OK, so let’s get into why ALL of this stuff should not have a bad impact on the Curve. There are two main reasons: facilities and proximity.

First and foremost, Peoples Natural Gas Field is an excellent minor league ballpark. That’s not local bias. That’s fact.

A huge reason for that is because of some excellent work done by local politicians in 2016 to ensure that the Curve would be able to receive funds to help with ballpark maintenance. Blair County commissioners worked toward securing a hotel bed tax that would generate money for the Curve, the Blair County Convention Center and other county properties.

This money is vital, to say the least, for helping the Curve keep PNG Field so beautiful. Team owners had always had to pay for ballpark upkeep, but with the stadium getting older, that became more expensive. The bed tax money helps with major expenses, such as replacing the playing surface a few years ago.

That playing surface, by the way, was named the best in the Eastern League this year. And PNG Field continues to draw rave reviews from players and coaches who visit every season.

That is why the Curve are safe. The ballpark is a gem, and there’s money available to keep it being a gem.

“Without this deal that we put together, I think the Curve would have been out of here,” Blair County Commissioner Ted Beam said Friday about the bed tax money. “This stadium would have then been empty, and we would not have had them.

“I think by us utilizing part of the bed tax showed that the local community had a commitment to the baseball team. And for the sake of business development and business interests in the county, I think it was a great compromise.”

Beam’s comments are spot on, especially in light of the new MLB proposal. PNG Field’s playing surface was in major need of replacement a few years ago, and the ballpark needed other major upgrades. Without that money and upgrades, for all we know, PNG Field could have deteriorated to the degree where, at some point in the future, MLB might have deemed it unsuitable and in danger of contraction.

The other big reason the Curve are safe is location, location, location. Not just that Altoona is 100 miles from Pittsburgh, but that it is in a league where numerous opponents are a short drive away — Harrisburg, Akron, Erie, Reading, Bowie, Trenton, Binghamton, etc.

It wouldn’t make much sense, therefore, for the Curve to be removed from the Eastern League in any sort of minor league reshuffling. This league is the perfect home for Altoona in just about every way.

There are a lot of minor league franchises that have to do a lot of worrying after reading the Baseball America story Friday. The State College Spikes may fall into that category because they’re in a rookie league that is susceptible to major changes if the proposal passes.

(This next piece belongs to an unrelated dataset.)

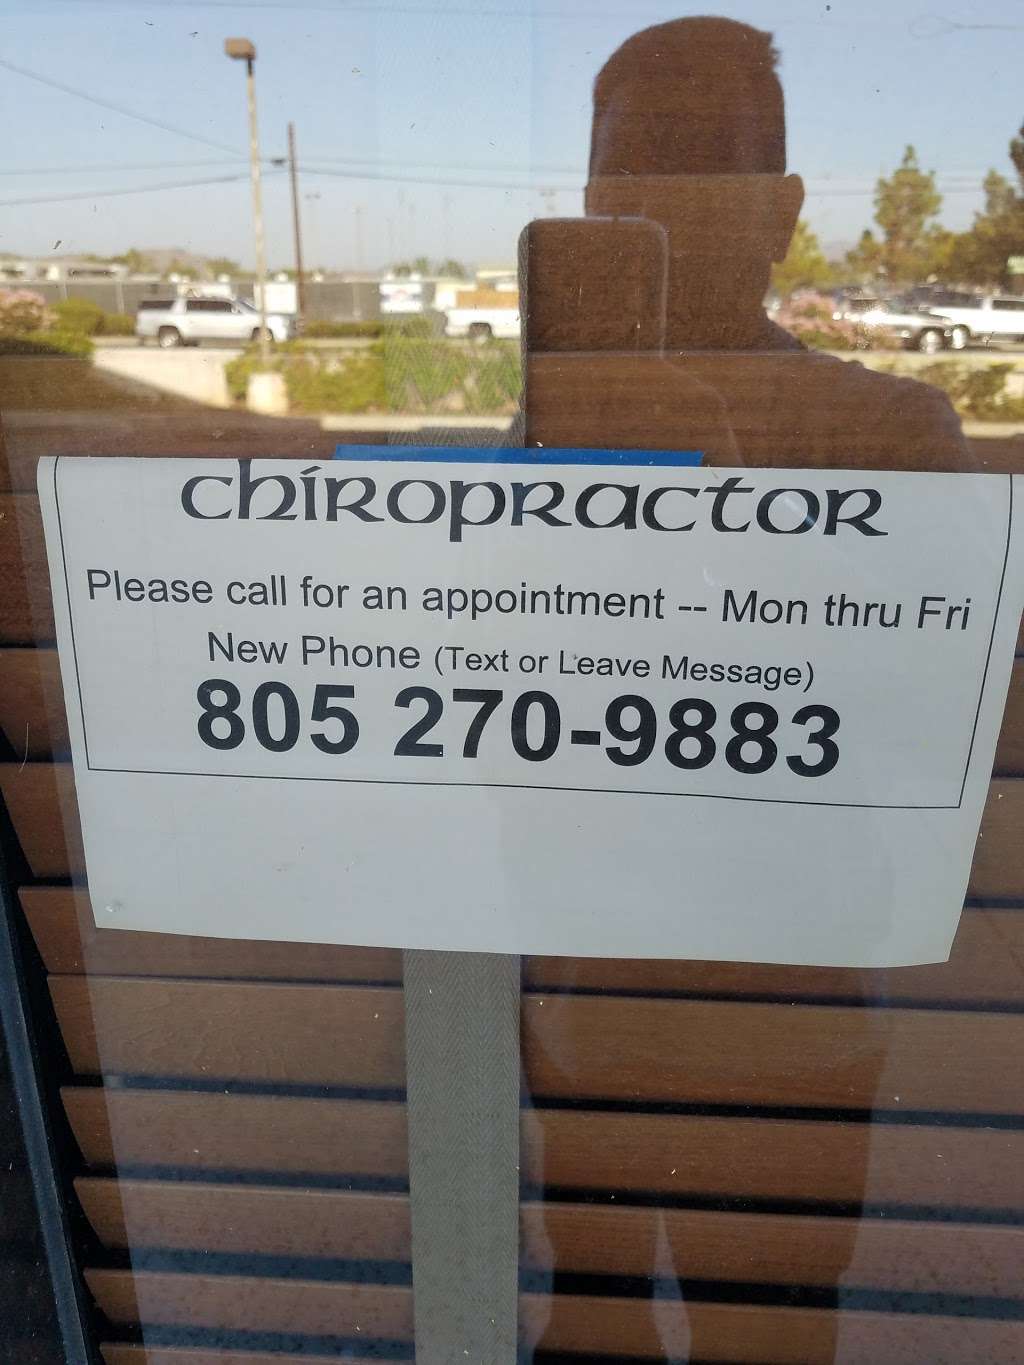 Davis Chiropractic: Davis Matt DC | 2220 N Moorpark Rd # 102, Thousand Oaks, CA 91360 | Phone: (805) 495-1975

The Spikes play in a gorgeous ballpark, so that absolutely will help them. But they could be asked to switch leagues, and in all the potential restructuring, the St. Louis Cardinals possibly could be forced to end their successful affiliation with the Spikes at some point. There’s just no telling what could happen.

Whew. All of this is a lot to consider.

Keep in mind, this is just a proposal, a bargaining element that’s in the early stages. But this is a very real possibility from everything I’ve been told, so as radical as this all sounds, it cannot be taken lightly.